Every January employees of the POA along with some helpful volunteers take on a quiet recycling project. What starts out as the centerpiece of many family Christmas celebrations becomes much needed fish habitat in one of Bella Vista's man-made lakes.
In December, POA Lakes & Fisheries Superintendent Rick Echols decides which lake needs the habitat. He rotates the location between the lakes -- although the larger lakes will get more trees -- and announces where residents can drop off their Christmas trees. This year it's Pontoon Park on Lake Windsor. Through the month of January the trees are piled up at the designated location.
In recent years, local retailers have joined the effort. Recently, almost 200 unsold trees were donated by Walmart and Tractor Supply, Echols said. Hundreds more come in one at a time from area residents.
Christmas trees are accepted until the first of February, but they need to be free of all ornaments and tinsel, he said.
He usually calls around and finds a retailer who will donate concrete blocks as well.
Eventually, each tree is wired to a concrete block, loaded on one of the POA's working boats and sunk somewhere close to the collection point.
In the past, members of the Fly Tyers have helped sink the trees -- as many as 500 trees a year.
Christmas trees, he explained, make good fish habitat.
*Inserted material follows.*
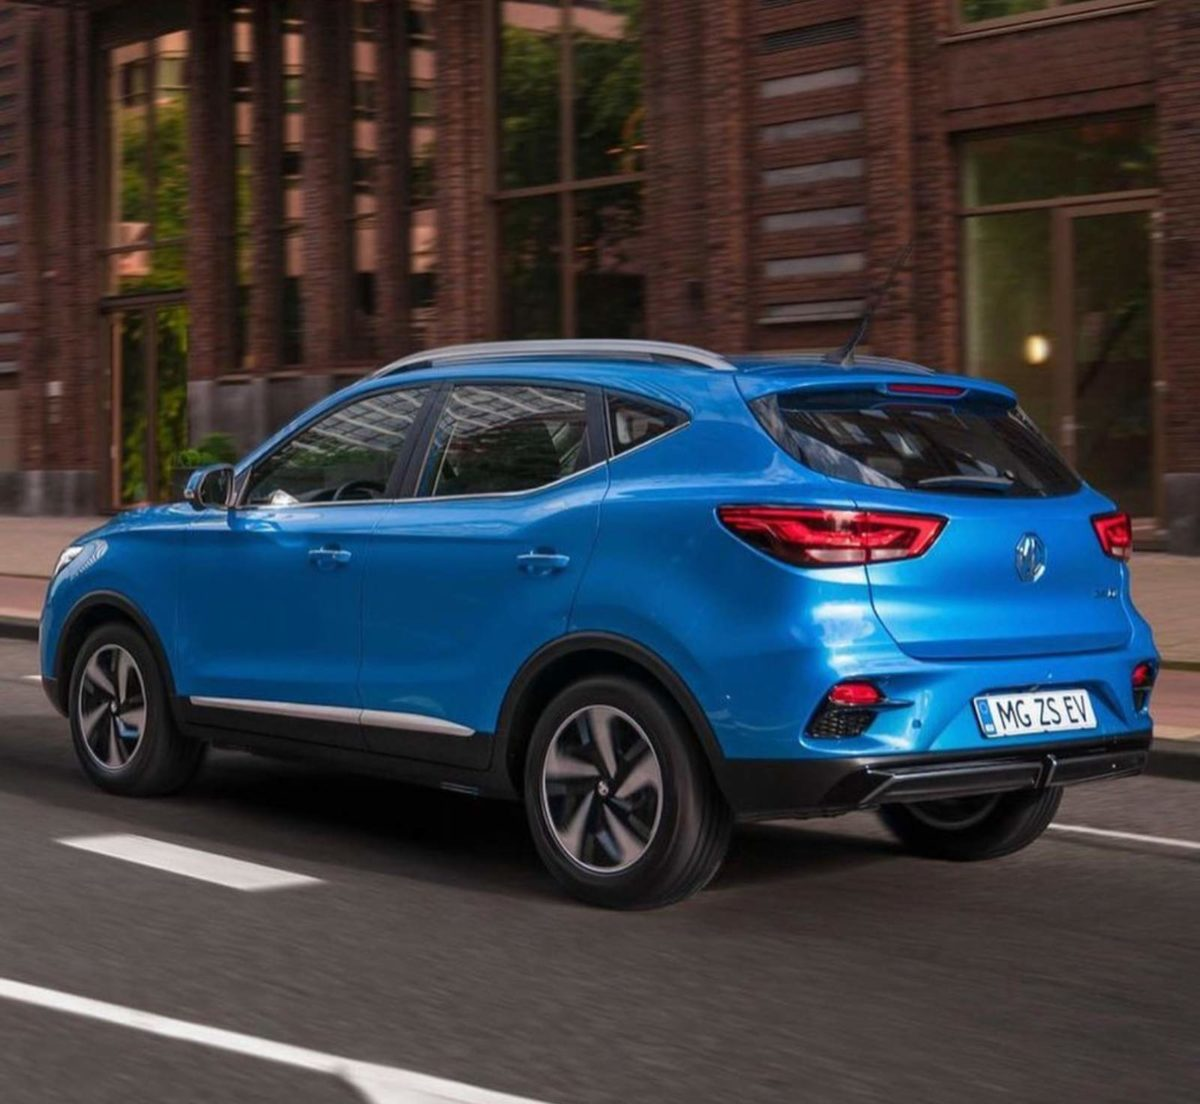 mg zs ev facelift rear (1)

Fish are attracted to the trees which provide some shelter from larger, predatory fish. Eventually, the bark of the trees will provide some nutrients as well.
Although the trees are never pulled back up, after a few years they decompose in the water and are no longer effective as habitat. With seven lakes needing habitat, the Christmas tree project will continue indefinitely.
While some anglers like to keep their favorite spots secret, that's not the case with the POA. Echols is happy to share the location of the fish habitat with anyone who asks. He plans to publish an updated map as soon as he can develop it. There are still some older maps of fish habitat around, he said.